What exactly Triomics aims to solve?

Today, millions of people suffer from cancer. The number of new cases has been increasing over the years and is estimated to touch 35 million people by 2050 – a 77% increase from the 20 million cases in 2022. In this situation, medical and cancer care centers are bound to be under pressure, especially due to the dwindling healthcare workforce.

Currently, most nurses and cancer care staffers determine patients’ care pathway or clinical trial eligibility with manual chart reviews, where they sift through the entire longitudinal record manually to identify relevant data points. This covers everything, from doctors’ unstructured free-text notes to test reports, and takes a lot of time, leading to clinical delays such as patients missing out on trials or biomarker-driven treatments. 

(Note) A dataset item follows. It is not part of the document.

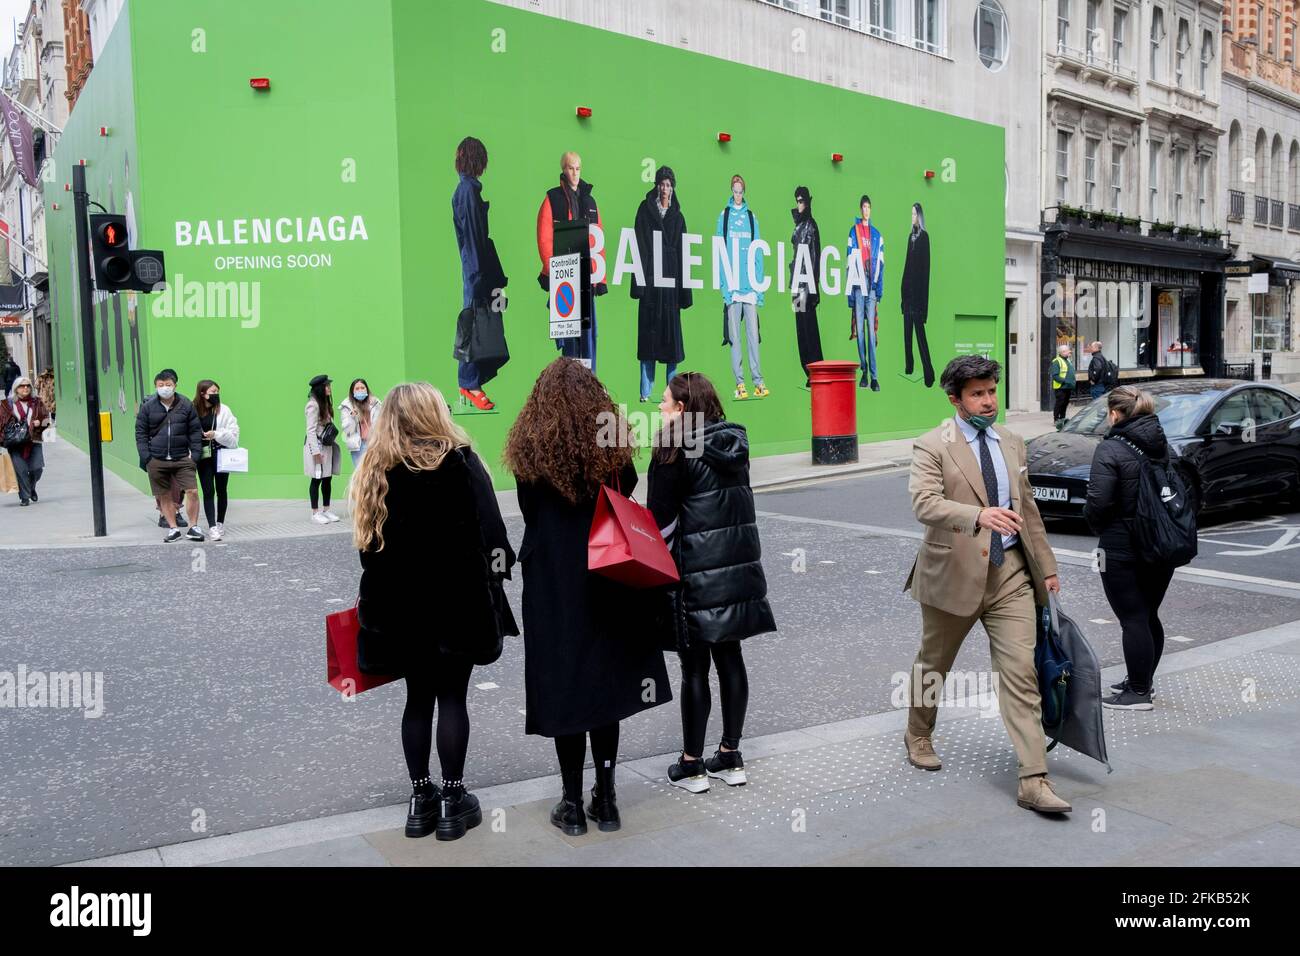 Les acheteurs traversent la route vers la palissade temporaire pour  Balenciaga, un espace de vente au détail qui ouvrira bientôt sur Bond  Street, le 27 avril 2021, à Londres, en Angleterre. Balenciaga

Triomics tackles this problem by providing care centers with Oncology-focused OncoLLM and allowing them to fine-tune the model – using their own internal datasets – for deployment with the company’s workflow automation offerings. 

“OncoLLM is essentially a family of models, each model serving different purposes including retriever and generator models, some of them are trained from scratch and some are fine-tuned on SOTA open-source models. Our models undergo extensive fine-tuning on each provider’s proprietary data and reinforcement learning, leveraging human feedback for tailored learning. We deploy customized models for each partner institution,” Khan told VentureBeat.

When the models are institution-tuned, they are deployed across Triomics’ software offerings that integrate with health system EHRs to help with specific care workflows. Currently, the company has two products in place: Harmony and Prism. The former curates the data for registry, reporting or research needs, while the latter handles patient-trial matching by prescreening oncology patients to find relevant clinical trials. At scale, this cuts the time to review patient charts from days or weeks to mere minutes.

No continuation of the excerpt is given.